Polymers

 1. Polymers: Polymers are the high molecular mass macromolecules, formed by the combination of large number of simple molecules called monomers. The process by which monomers are converted into polymers is called polymerisation.

2. Classification of Polymers

(a) Classification based on sources:

(i) Natural polymers: Polymers found in nature, mostly in plants and animals are called natural polymers, e.g., proteins, natural rubber, etc.

(ii) Semisynthetic polymers: Polymers which are obtained by making some modifications in natural polymers by artificial means, e.g., nitrocellulose, cellulose acetate, etc.

(iii) Synthetic polymers: These are man-made polymers prepared in the laboratory, e.g., polythene, teflon, nylon, etc.

(b) Classification based on structure of polymers:

(i) Linear polymers: These polymers consist of long and straight chains, e.g., high density polythene, polyvinyl chloride, nylon, etc.

(ii) Branched chain polymers: These polymers contain linear chains having some branches, e.g., low density polythene, glycogen, etc.

(iii) Cross-linked or Network Polymers: In this type of polymers, the initially formed linear polymer chains are joined together to form three dimensional network structure.

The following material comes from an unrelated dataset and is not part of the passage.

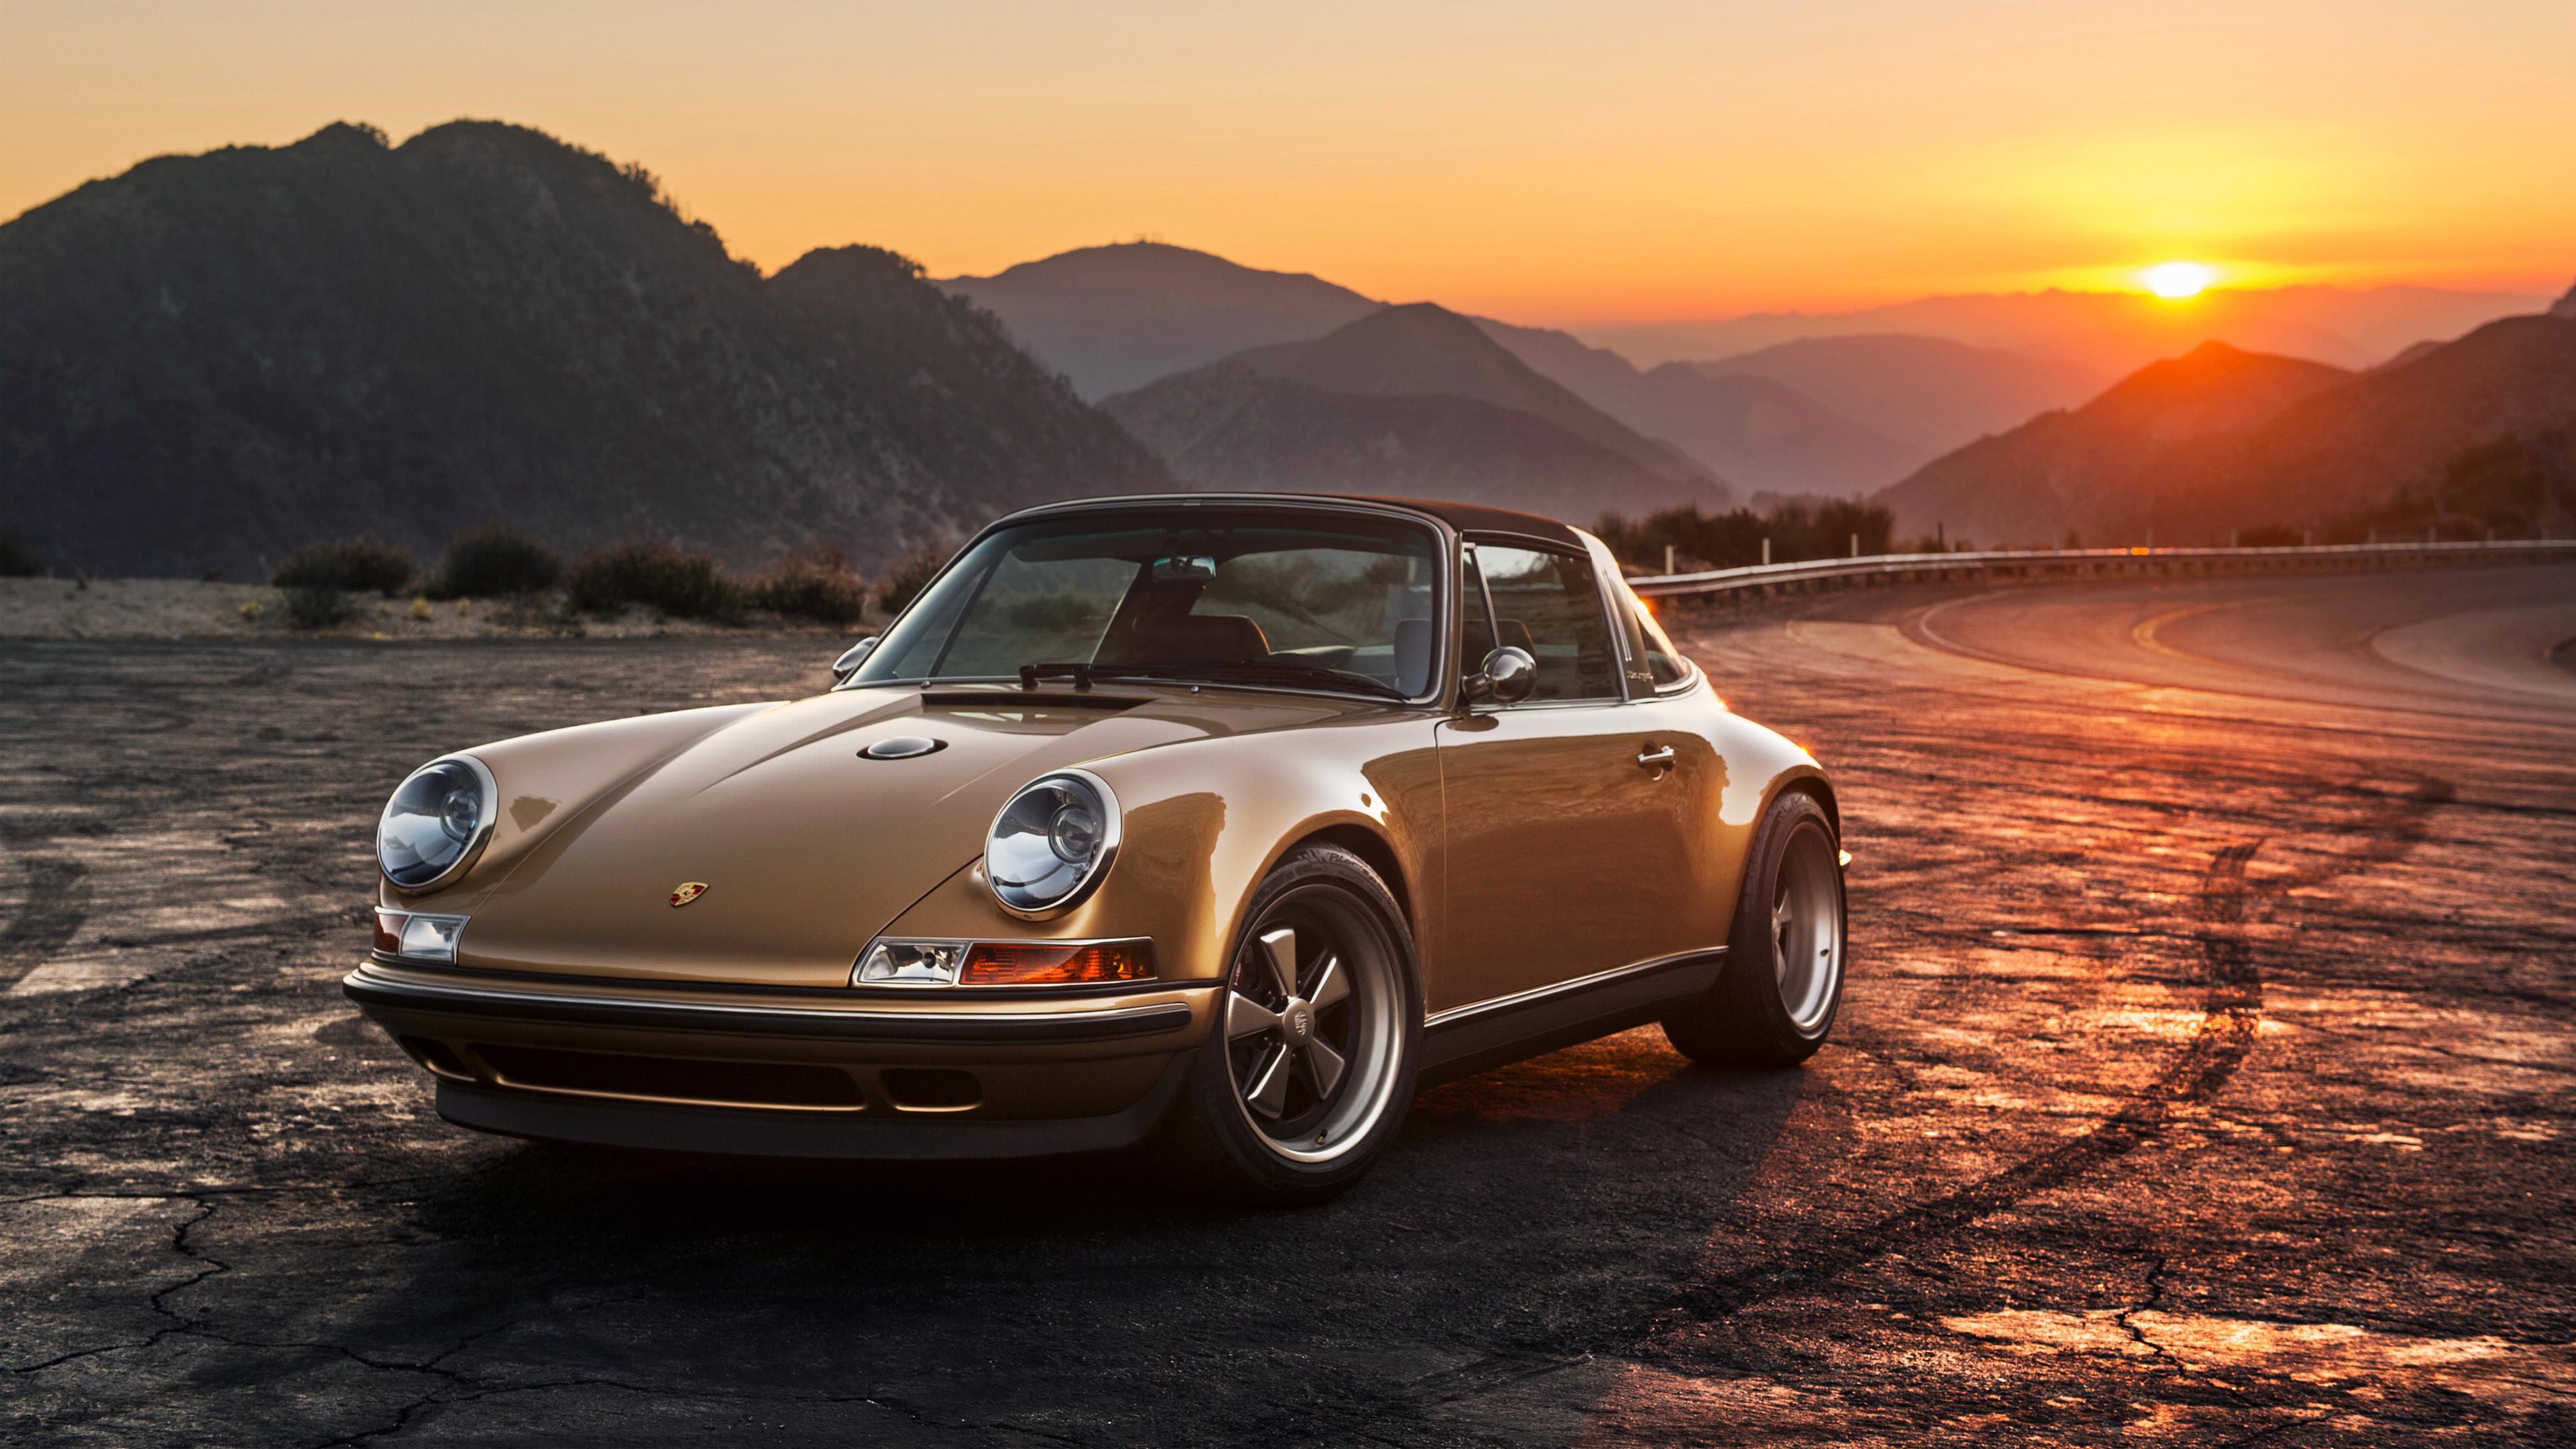 Singer Porsche Wallpaper 70 Images

Due to presence of cross links these polymers are also called cross-linked polymers, e.g., bakelite, melamine, etc.

(c) Classification based on mode of polymerisation:

(i) Addition polymers: The addition polymers are formed by the repeated addition of same or different monomer molecules. The monomers used are unsaturated compounds, e.g., alkenes, alkadienes and their derivatives. Polythene is an example of addition polymer.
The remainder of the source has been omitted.